Через две минуты вошел молодой парень с подносом, на котором стояла чашечка кофе, а на блюдце лежало пять крекеров. Такую норму определил сам Кух.
— Что-то ты слишком быстро принес кофе, — недоверчиво заметил министр. — Ты что, его не варил?
— Я хотел как можно быстрее, Арнольд Михайлович. Я сделал растворимый «Чибо эксклюзив», — предупредительно ответил секретарь.
Они были в очень хороших отношениях. Арнольд Михайлович находил, что Всеволод весьма неглуп, и понимали друг друга с полуслова: в делах парень был незаменим. Ничего личного в отношениях между ними не было: деловые вопросы являлись единственной темой их обсуждений.
— Быстрее, говоришь? — повысил голос Кух. — Куда торопиться-то?

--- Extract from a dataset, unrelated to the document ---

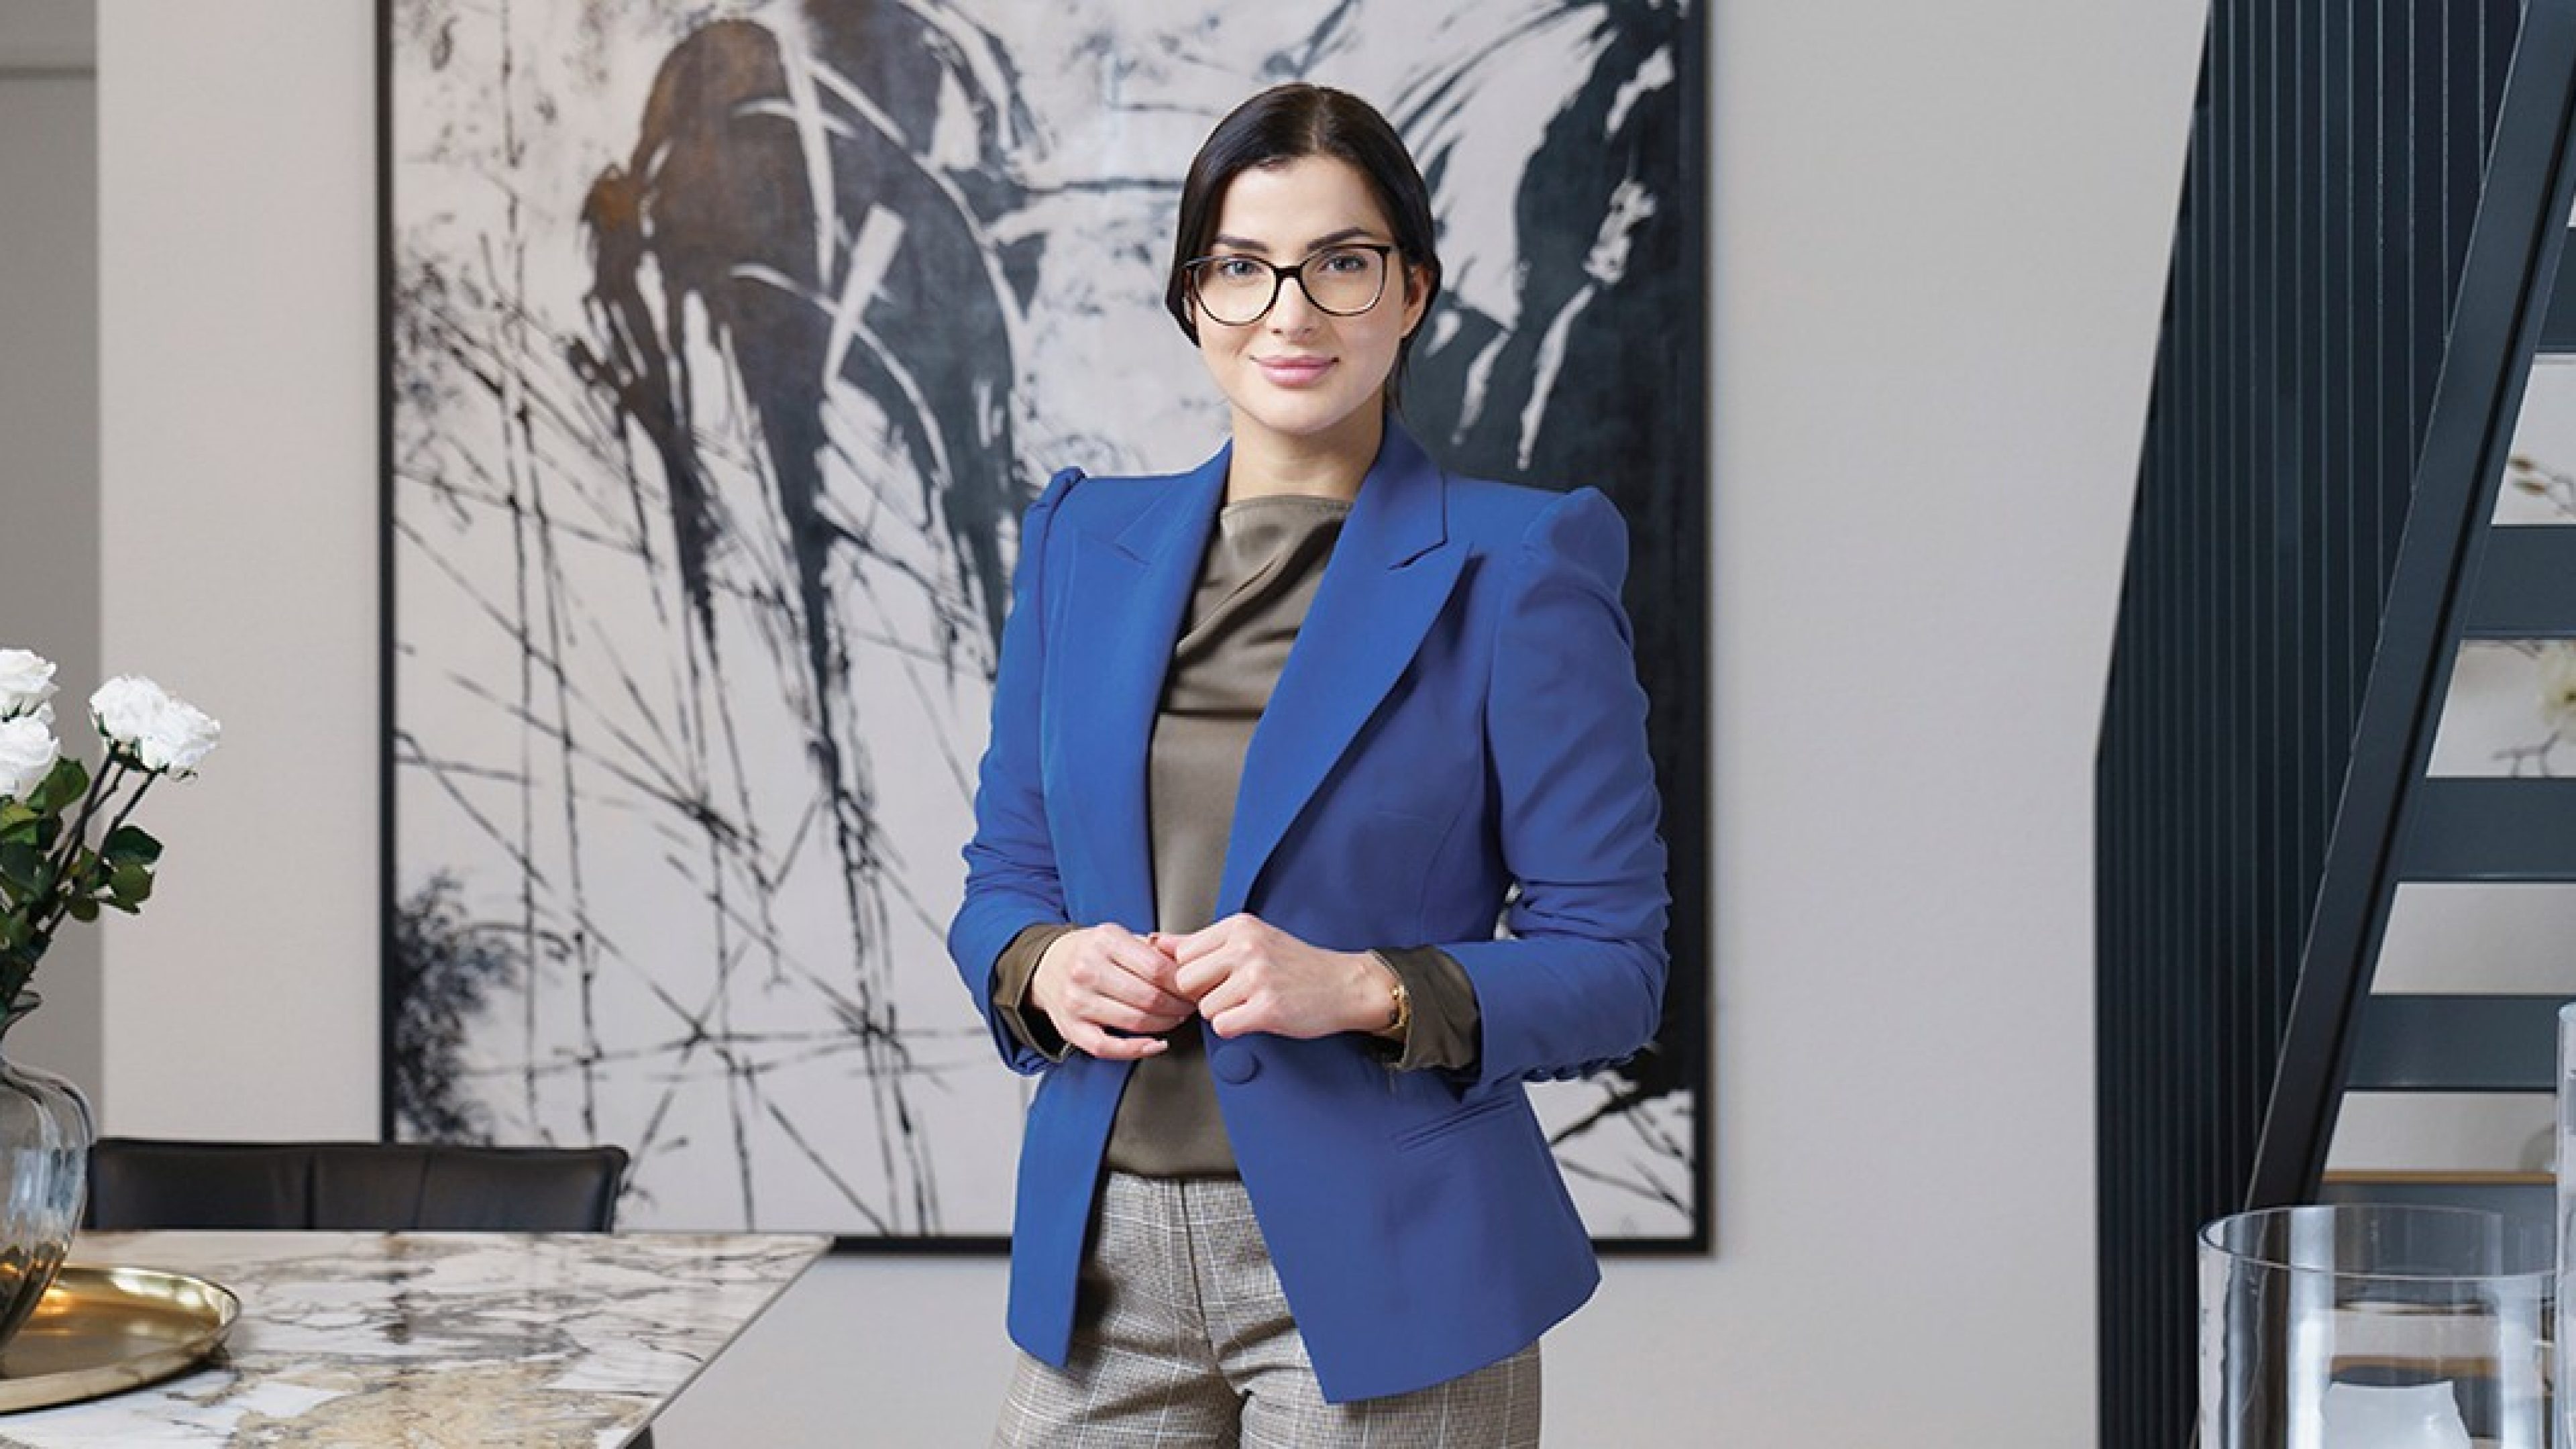 Une femme avec des lunettes en tenue de bureau se tient devant une œuvre d’art et regarde la caméra

Давай забирай этот «Чибо», можешь сам его выпить, а мне свари нормальный. И поспеши!
Он говорил все это очень раздраженно. Всеволод поднял брови: никогда еще он не видел шефа, всегда выдержанного и спокойного, в таком состоянии, но спорить, конечно, не стал. Он отнес раздражение министра к возможной выволочке его губернатором утром на заседании правительства.
Всеволод молча унес кофе и отправился в кафе-бар в здание правительства, чтобы заказать там кофе.
Кух закурил сигарету и, подсчитав примерно время возвращения своего верного секретаря, вновь нажал на кнопку селектора. Всеволод, этот расторопный малый, был уже на месте. Кух потребовал, чтобы тот отключил свой телефон и не подслушивал. О том, что пожелание начальника будет секретарем выполнено, можно было не сомневаться, а случайно подслушанный разговор был ему ни к чему.
Он набрал заветный номер, и у него тут же рефлекторно сладко защемило под сердцем.
— Алло, — послышался знакомый голос Григорьича.
— Это ты?
— Я, Арнольд Михайлович, — после некоторой паузы ответили на том конце провода.
— Давненько мы не развлекались. Чувствую потребность в отдыхе.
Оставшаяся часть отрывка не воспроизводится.